State Compensation Insurance Fund v. Industrial Accident Commission

365 P.2d 415, 56 Cal. 2d 681, 16 Cal. Rptr. 359, 1961 Cal. LEXIS 333
CourtCalifornia Supreme Court
DecidedOctober 13, 1961
DocketS. F. 20702
StatusPublished
Cited by19 cases

This text of 365 P.2d 415 (State Compensation Insurance Fund v. Industrial Accident Commission) is published on Counsel Stack Legal Research, covering California Supreme Court primary law. Counsel Stack provides free access to over 12 million legal documents including statutes, case law, regulations, and constitutions.

Bluebook
State Compensation Insurance Fund v. Industrial Accident Commission, 365 P.2d 415, 56 Cal. 2d 681, 16 Cal. Rptr. 359, 1961 Cal. LEXIS 333 (Cal. 1961).

Opinion

WHITE, J.

The State Compensation Insurance Fund seeks a review of an Industrial Accident Commission award to Joseph Quick on the ground that because of a preexisting partial disability he was not entitled to full compensation awarded him for total disability.

In 1955, Mr. Joseph Quick, a deputy sheriff of Fresno County, became disabled by reason of progressive arteriosclerotic heart disease with heart insufficiency. Upon application for workmen’s compensation benefits, the Industrial Accident Commission found that the applicant was permanently, partially disabled to the extent of 43% per cent and that one-half thereof, or 21% per cent of the disability, was due to nonindustrial normal progress of the disease, the other one-half being attributed to industrial aggravation. At that time an award was made on this basis.

Mr. Quick continued to work as a deputy sheriff but took on lighter duties involving less physical strain. On November 24, 1959, he sustained an industrially connected heart attack. On November 11, 1960, the commission awarded him full benefits on a finding that he was 100 per cent disabled. It made no apportionment for the prior injuries but did *684 allow a “credit” of $2,610, which was the amount of the award for the percentage (21% per cent) of Mr. Quick’s prior permanent partial disability then attributed to industrial aggravation.

Petitioner contends that the Industrial Accident Commission is not authorized in computing the percentage of permanent disability caused by a current industrial accident, to include any disability attributable to a prior disease or injury, industrial or nonindustrial. It was error, therefore, petitioner maintains, for the commission to have failed to deduct the percentage of the prior partial disability (43% Per cent) from the 100 per cent current disability in determining and making the instant award.

The statutes governing apportionment generally are Labor Code sections 4663 1 and 4750 2 . Their purpose and limitations are cogently stated in Gardner v. Industrial Acc.
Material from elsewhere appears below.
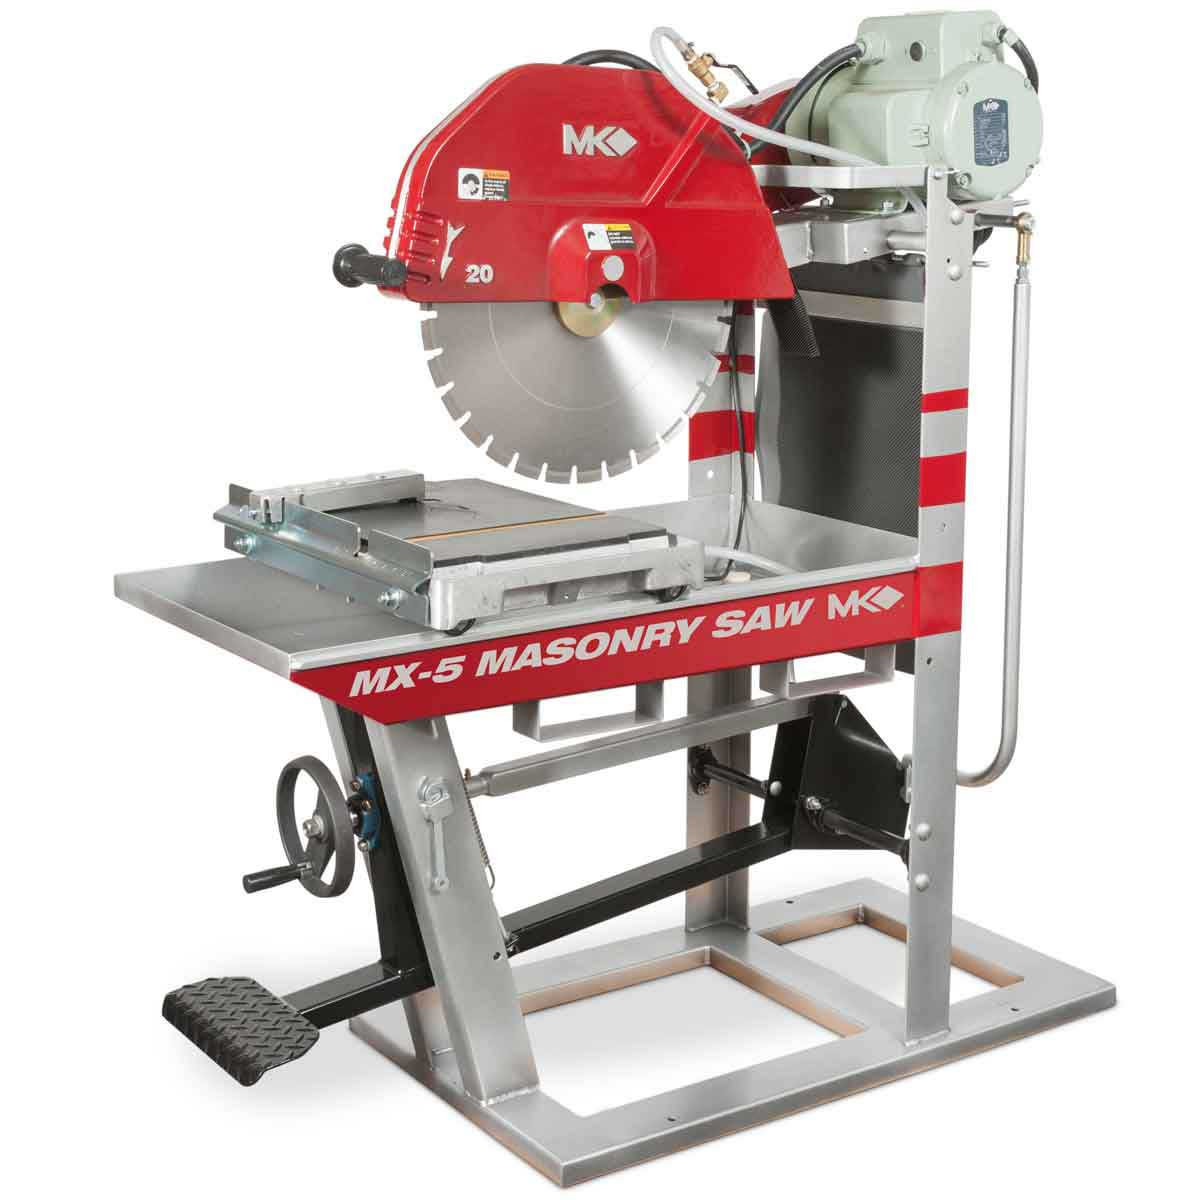 MK MX-5 Electric 20 inch Block Saw

Com., 28 Cal.App.2d 682, 684 [83 P.2d 295] : “the Industrial Accident Commission is not authorized, in computing the percentage of permanent disability of an employee caused by an industrial injury, to include any percentage of such disability attributable to a prior industrial or nonindustrial disease or injury; nor is it justified in including in an award any amount as compensation for the disability attributable solely to the prior injury or disease and for which the employment was in no wise responsible.”

The Industrial Accident Commission contends that although the general law be as just stated, a 1959 amendment to Labor Code section 3212.5 forbids any apportionment in cases of certain types provided for therein, including the present ease.
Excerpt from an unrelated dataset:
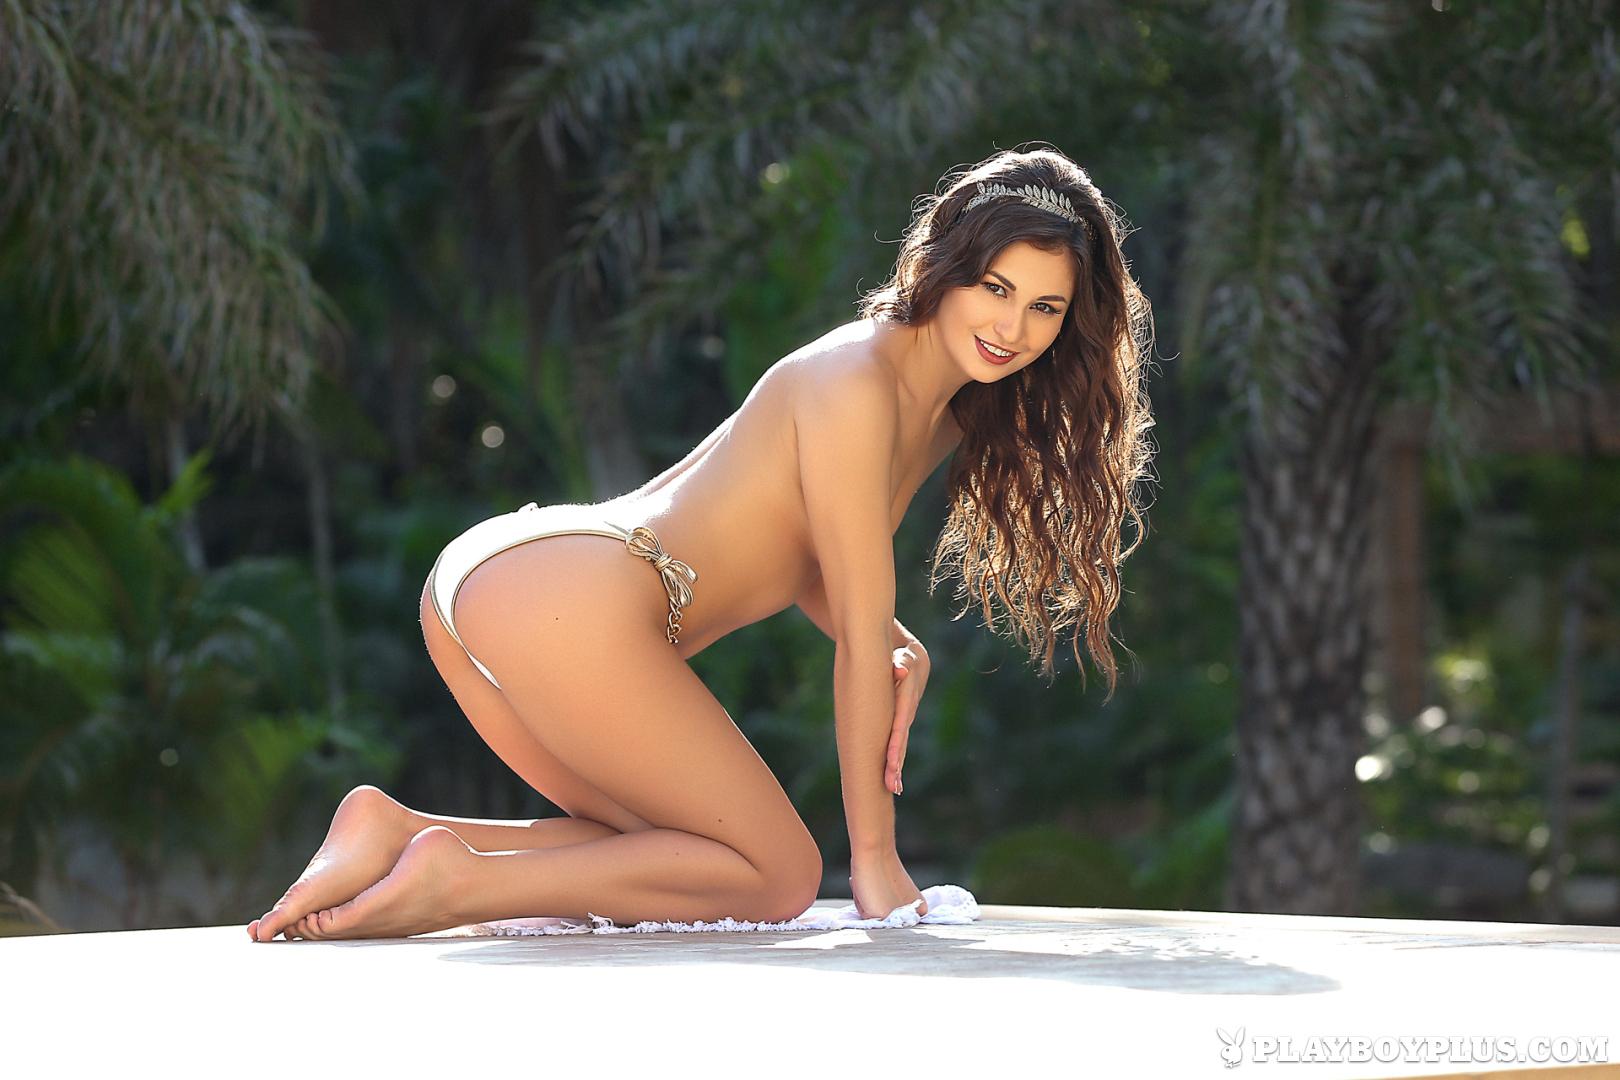 Playboy Cybergirl Demi Fray Nude outside

Section 3212.5 provides in part: “. . . in the case of a . . . deputy sheriff employed upon a regular, full-time salary, the term ‘injury’ as used in this division includes heart trouble . . . which develops or manifests itself during a period while *685 such . . . deputy sheriff is in the service of the . . . sheriff’s office. . . .

“Such heart trouble ... so developing or manifesting itself shall be presumed to arise out of and in the course of the employment. . . . This presumption is disputable and may be controverted by other evidence, but unless so controverted, the commission is bound to find in accordance with it. . . .

“Such . . . heart trouble ... so developing or manifest-ting itself in such eases shall in no case be attributed to any disease existing prior to such development or manifestation.”

It is the last sentence of the section quoted above that was added by the 1959 Legislature and about the interpretation of which this present controversy revolves.

The commission contends that if it is foreclosed from attributing any portion of the 1959 heart attack to the prior existing heart disease, it is also foreclosed from apportioning any of the present total disability to the prior existing heart disease. However, for the reasons appearing below, we are persuaded that section 3212.5 of the Labor Code pertains not to apportionment, but to the cause of injury currently sustained.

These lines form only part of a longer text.